Six years later—after earning degrees in history from Long Beach Community College, UCLA, and Cal State Long Beach, and working in various capacities in museums and with the History Society of Long Beach—Brian joined the National Park Service. Last year he worked as a seasonal bilingual interpretive park ranger in Sequoia and Kings Canyon. But in the spring of this year, he drove back through the Wawona Tunnel for a similar job in Yosemite National Park. He did it. He finally returned.
Soon after he arrived, Brian won a permit in the lottery system that allows a quota of visitors to hike the challenging Half Dome trail. Before he attempted the ascent, he stopped by the Curry Company cafeteria to treat himself to a muffin and a coffee.

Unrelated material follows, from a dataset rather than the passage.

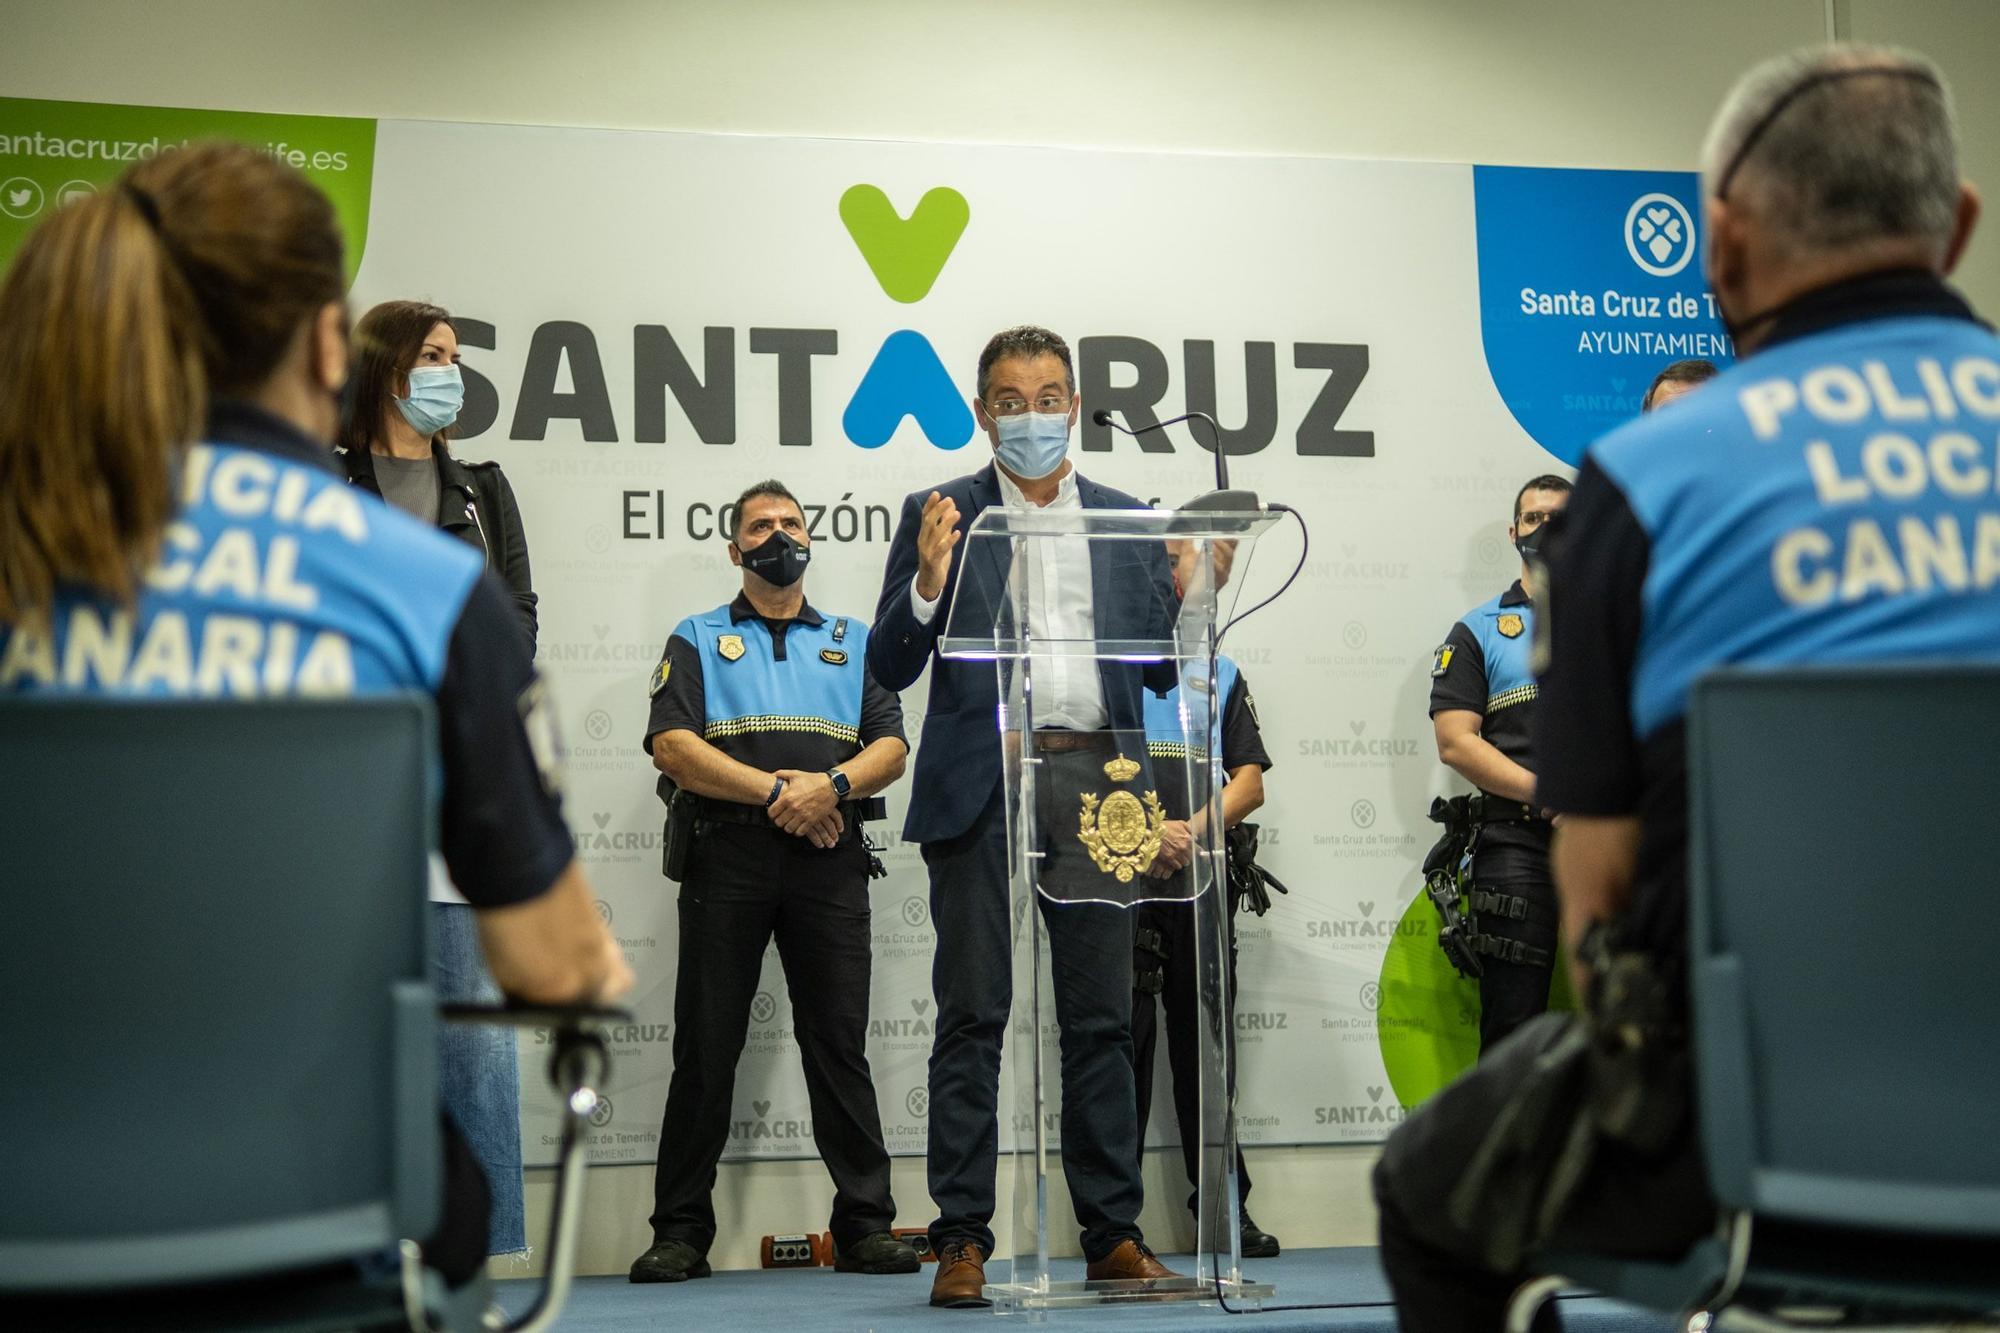 Presentación operación productos falsificados Santa Cruz

As he was eating, he studied the large timeline on the far wall of the cafeteria that lists, chronologically, important dates and people in the park’s history from 1848 to 1997. “One image jumped out to me more than the others,” he remembers. “I did a double take, and I thought ‘Who is this guy?’ He looked different than the other people on the wall. And then I got up close and I saw his name—George Meléndez Wright. And he was in the park about 100 years ago. He has a Spanish name, he looked like someone from my dad’s side of the family. In fact, I thought … he looks like me!”
Intrigued, Brian took a picture of Wright’s image and name with his phone and proceeded to his hike. A few days later, he researched Wright, and he was stunned. Not only was Wright half Salvadoran—Brian is Mexican American—but in 1927 Wright was hired to do exactly what Brian was hired to do in 2023—interpret Yosemite’s amazing wonders for park visitors. Wright, he learned, spoke Spanish as does Brian. And Brian was working out of the same building that Wright did. Brian immediately wanted to know more, so he went to Yosemite’s Research Librarian Virginia Sanchez, and she knew all about Wright. She gave Brian a copy of Fauna of the National Parks of the United States: A Preliminary Survey of Faunal Relations in National Parks, Fauna Series No. 1. Fauna 1, as it became known, was perhaps Wright’s most important written piece of work, which he completed in 1932. Brian also read some of Wright’s articles in Yosemite Nature Notes, and he purchased my recent biography of Wright.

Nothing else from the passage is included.